Querying the SearchSECO database

Overview

The Query functionality enables you to search the SearchSECO database for information about GitHub repositories. By entering the URL of a specific GitHub repository, you can query the database for relevant data.

Querying Guide

Follow these steps to use the Query feature:

Enter query fields

Navigate to the Query page (opens in a new tab) and fill in the fields.

  1. In the Query form, find the field labeled "GitHub URL". Here, enter the URL of the repository you want to query. Make sure it's a valid GitHub URL, or you'll receive an error.

  2. Below the URL field, there's another field labeled "Branch". Input the branch you want to query here. If it's the branch doesn't exist, an error message will be shown.

Query page

Submit the query

Click the "Submit" button to initiate the querying process. The application first validates your URL and GitHub Access Token. If no validation errors occur, the query process begins and you'll see a "Querying SearchSECO database..." message.

Pay for Hashes

Once the query is complete, you'll receive information about the cost and number of hashes found in the "Results" section. If you decide to continue, press the "Pay for hashes" button to pay for the session. Following this, a transaction request is sent to your wallet for approval.

Query page pay

The total cost is calculated as the hash cost multiplied by the amount of hashes in the project.

For an overview of SECOIN, what it is, and how you can swap it for other monetary tokens, have a look at the SECOIN page.

Review Results

After the payment confirmation, the data will be fetched from the SearchSECO database. You can inspect these results in the "Results" section. If you want to download the result, click the "Download as JSON" button.

Cancel Session

If you want to cancel the session at any point, simply click the "Cancel" button. Be aware that this will permanently delete the current session and any data received. So, ensure to download your data before cancelling the session if you need it.

Query Results

The output of the application's mining and parsing operation is a JSON object. This object contains important information about the code repositories that have been analyzed. It consists of three main parts: methodData, authorData, and projectData.

Method Data

The methodData array contains objects that represent each individual method that has been analyzed within a project. Here's an overview of the data it includes:

  • method_hash: A unique identifier for the method.
  • projectID: The identifier of the project where the method was found.
  • startVersion & startVersionHash: The timestamp and commit hash of the version where the method was first identified.
  • endVersion & endVersionHash: The timestamp and commit hash of the version where the method was last identified.
  • method_name: The name of the method.
  • file: The file in which the method was found.
  • lineNumber: The line number in the file where the method starts.
  • parserVersion: The version of the parser used.
  • vulnCode: Any identified vulnerability code.
  • authorTotal: The total number of authors who contributed to the method.
  • authorIds: An array containing the IDs of the authors who contributed to the method.

Author Data

The authorData array contains objects representing each unique author who has contributed to the analyzed methods. Currently, it contains:

  • username: The username of the author.

Project Data

The projectData array contains objects that represent each unique project that has been analyzed. Here's an overview of the data it includes:

  • id: A unique identifier for the project.
  • versionTime & versionHash: The timestamp and commit hash of the project version.
  • license: The license of the project.
  • name: The name of the project.
  • url: The URL of the project.
  • authorName: The unique identifier of the author of the project.
  • authorMail: The mail id associated with the author of the project.

Why query SearchSECO?

Querying the SearchSECO database is the counterpart to running a Mining node. As such, it provides a way to spend your SECOIN to gain insight about software evolution and quality.

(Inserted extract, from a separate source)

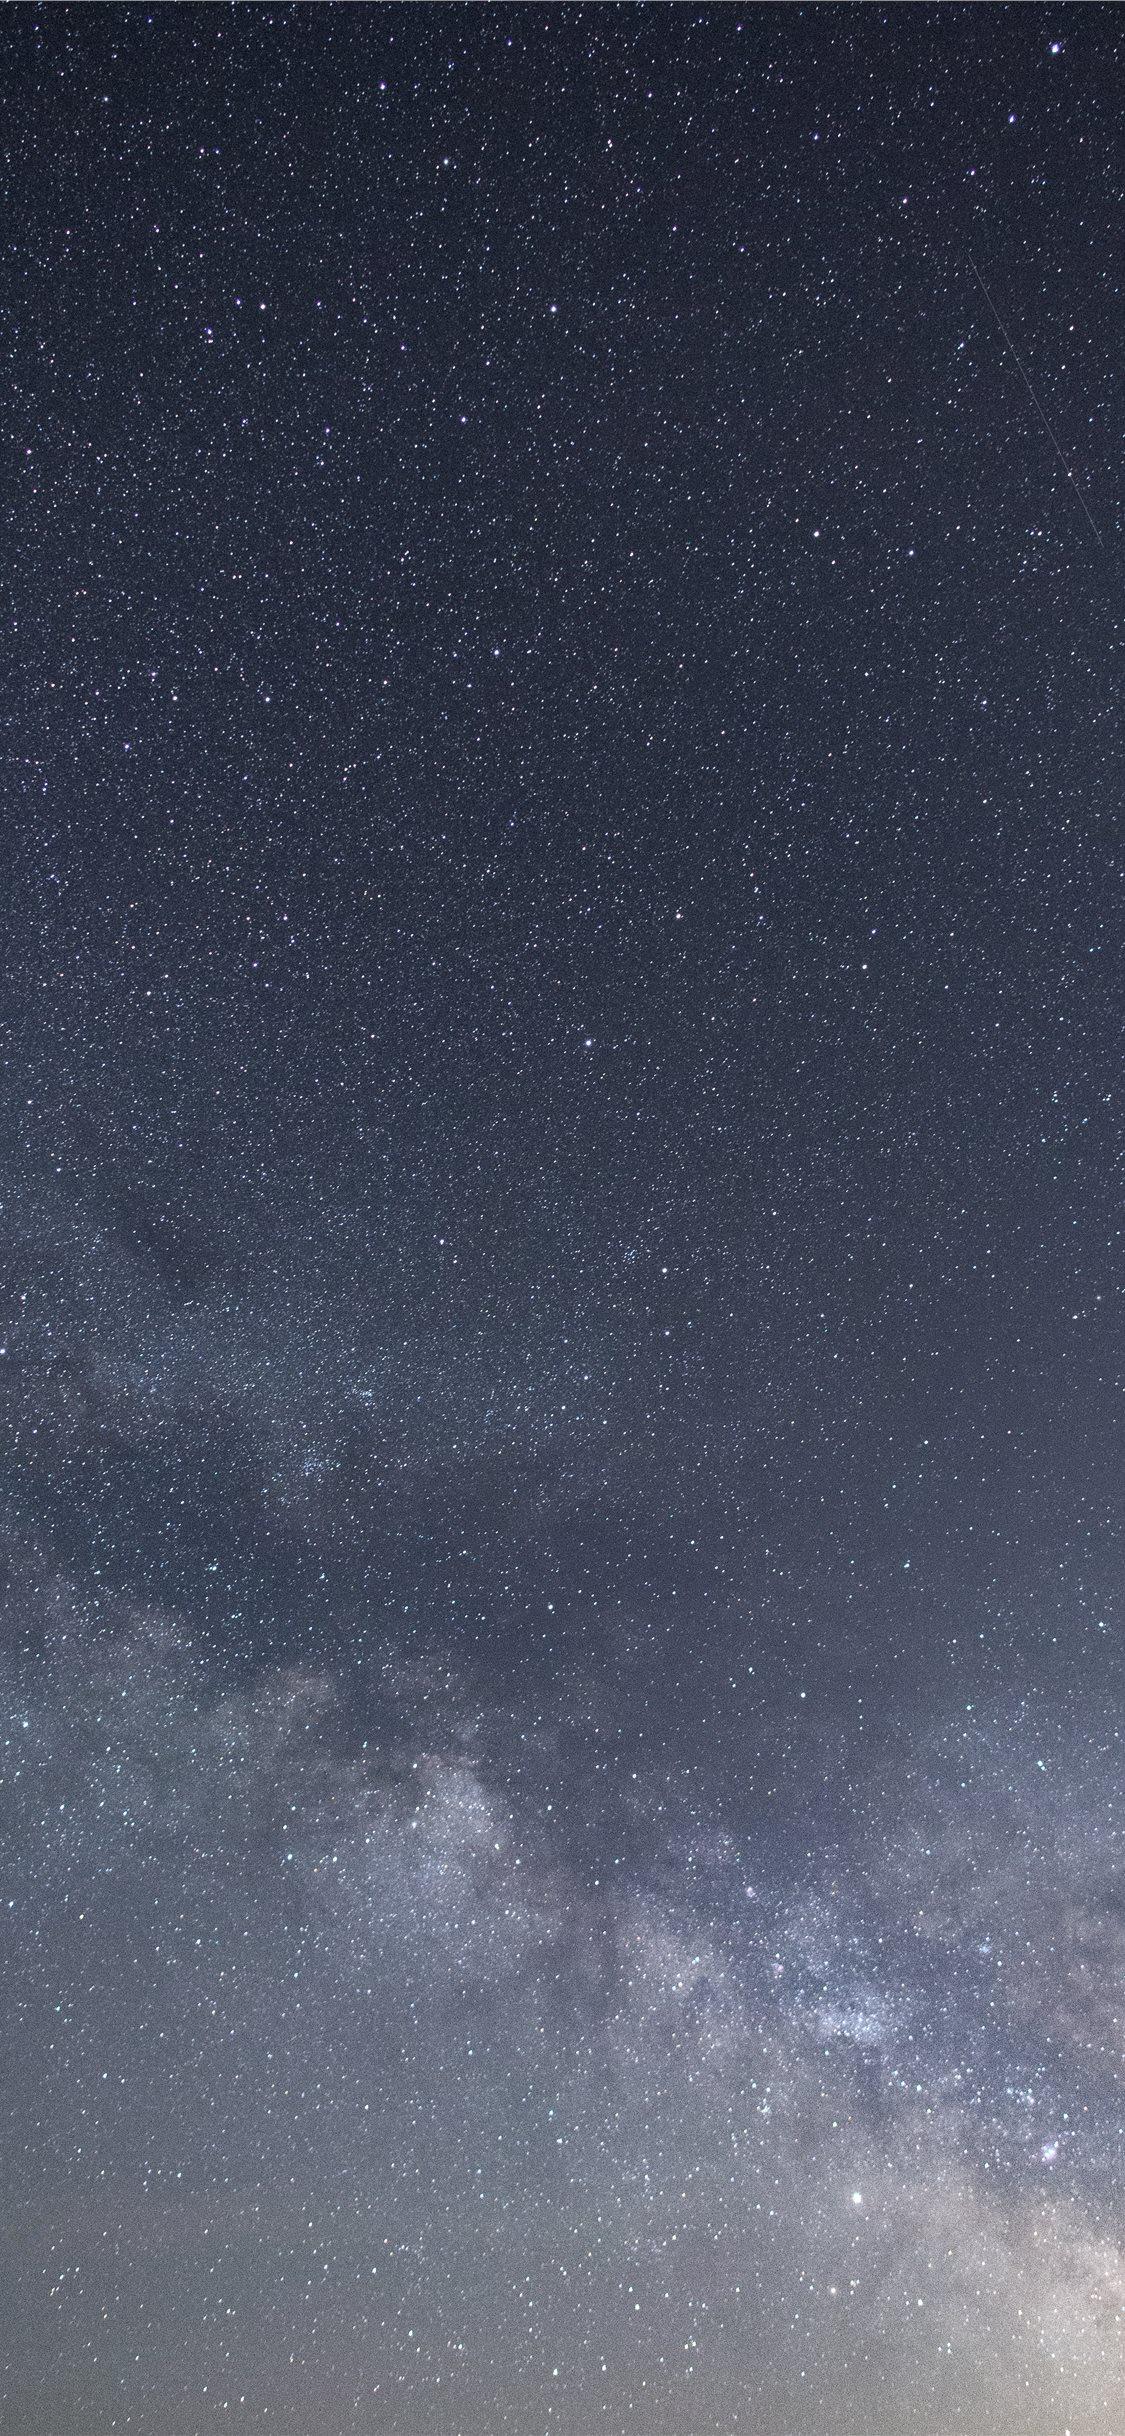 Milky Way Portrait iPhone X Wallpaper Free Download

The insights gained can be used to better the global software ecosystem:

  • Software Maintenance: Information about the software evolution, such as changes in methods, can aid in predicting future software maintenance activities. Knowledge about who changed what, when and how can facilitate better management and coordination of development efforts, especially in large, distributed teams.
  • Quality Assessment: By evaluating the various aspects of code evolution, it's possible to identify software quality metrics. Information like method complexity, frequency of change, and contributor details can help assess the overall health of a project.
  • Vulnerability Detection: The SearchSECO database also captures data about vulnerable code snippets. Querying this data can provide insights about potential vulnerabilities in the system, enabling proactive remediation efforts.
  • Historical Analysis: The history of changes made to a method, captured as different versions, offers a detailed understanding of how the software has evolved over time.
  • Contributor Analysis: Information about the contributors to a method or project can provide insights about the development practices followed by the team.

While mining nodes contribute to the growth of the database by extracting and parsing data from various repositories, querying lets you extract and utilize that data to gain valuable insights.